Here is a sample configuration file that I have used for testing.

Compilation


This should be easy. Just write make in the main folder of bamboo sources. I assume that you have Java compiler installed and everything. Check out the visualizer section below if you want to build and use the stand-alone visualizer to track your ring.

Start-up


You have to start each node separately from bamboo/bin folder using command "run-java bamboo.lss.DustDevil <config-file>". Every node has to have its own configuration file. It is possible to start them by scripting as it was done in the configuration file I took as the starting point. It is easier for bigger rings. For testing in small environments few handwritten configuration files is enough. Remember to start the gateways first that there is someone listening for the join messages.

Visualizer


If you want to use more sophisticated visualizer to examine your ring you can use the stand-alone visualizer. By default it will point to the planetlab and to the OpenDHT, but with small changes you will get it working with your own ring.

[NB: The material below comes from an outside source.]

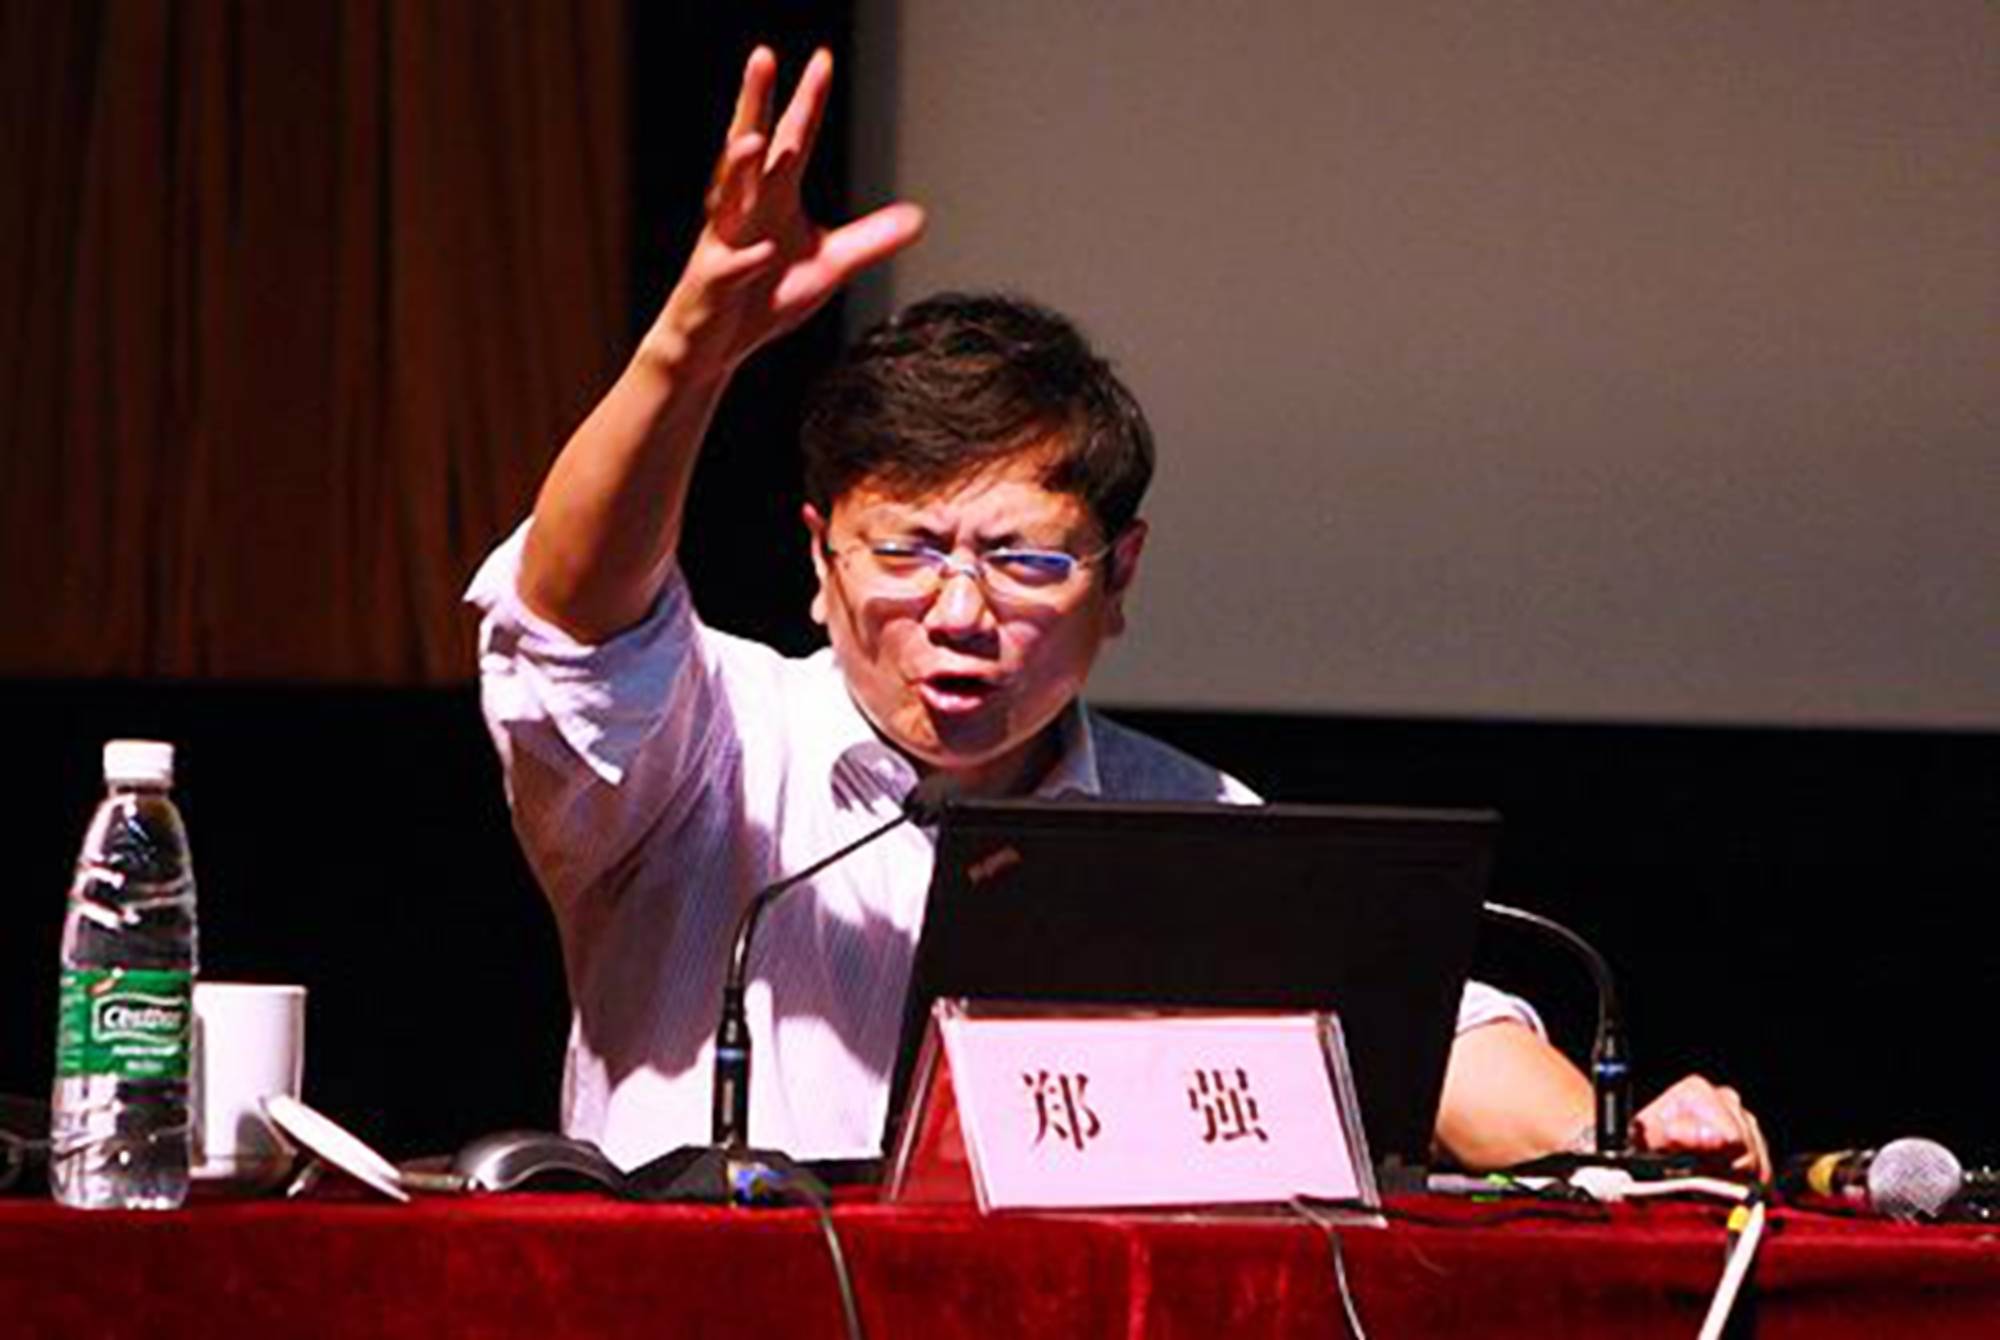 原创"网红教授"郑强坦言,儿子没出息曾被学校开除,事实却出人意料

Go to the "bamboo/vis/FetchNodeInfoThread.java" file with your favorite code editor and search for a line that says "public final String [] GATEWAY_NODES_IP =". Change it to list IPs from your gateways. Their web interface URLs to be exact. For example like the following there is a node running in private address space using address 10.1.0.4 and it is using port 3600.

public final String [] GATEWAY_NODES_IP = { "http//10.1.0.4:3601/", };

Remember that after the changes you have to recompile at least the visualizer. In order to run the visualizer use command "run-java bamboo.vis.Vis <webinterface-URL>".

End notes


Now the Bamboo-DHT ring should be up and running. For more explanations on things concerning the Bamboo-DHT and its setup, please consult Bamboo-DHT website, doc directory in the sources or the Bamboo-Users mailing list.

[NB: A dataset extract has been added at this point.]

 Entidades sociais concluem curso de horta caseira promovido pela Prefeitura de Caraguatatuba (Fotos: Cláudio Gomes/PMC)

For some working implementations using bambooDHT, you can check the HIPL code base to see how it uses the OpenDHT instantiation of bambooDHT. You can also see the OpenDHT sites user guide. There are few python scripts that can put, get and remove data.

All of these manuals/tutorials are provided as is. They worked for me and that is all the help I give with them, so if I forgot something or there is a typo you can inform me but do not expect me to solve your problems :) Oh and almost forgot, use them at your own risk.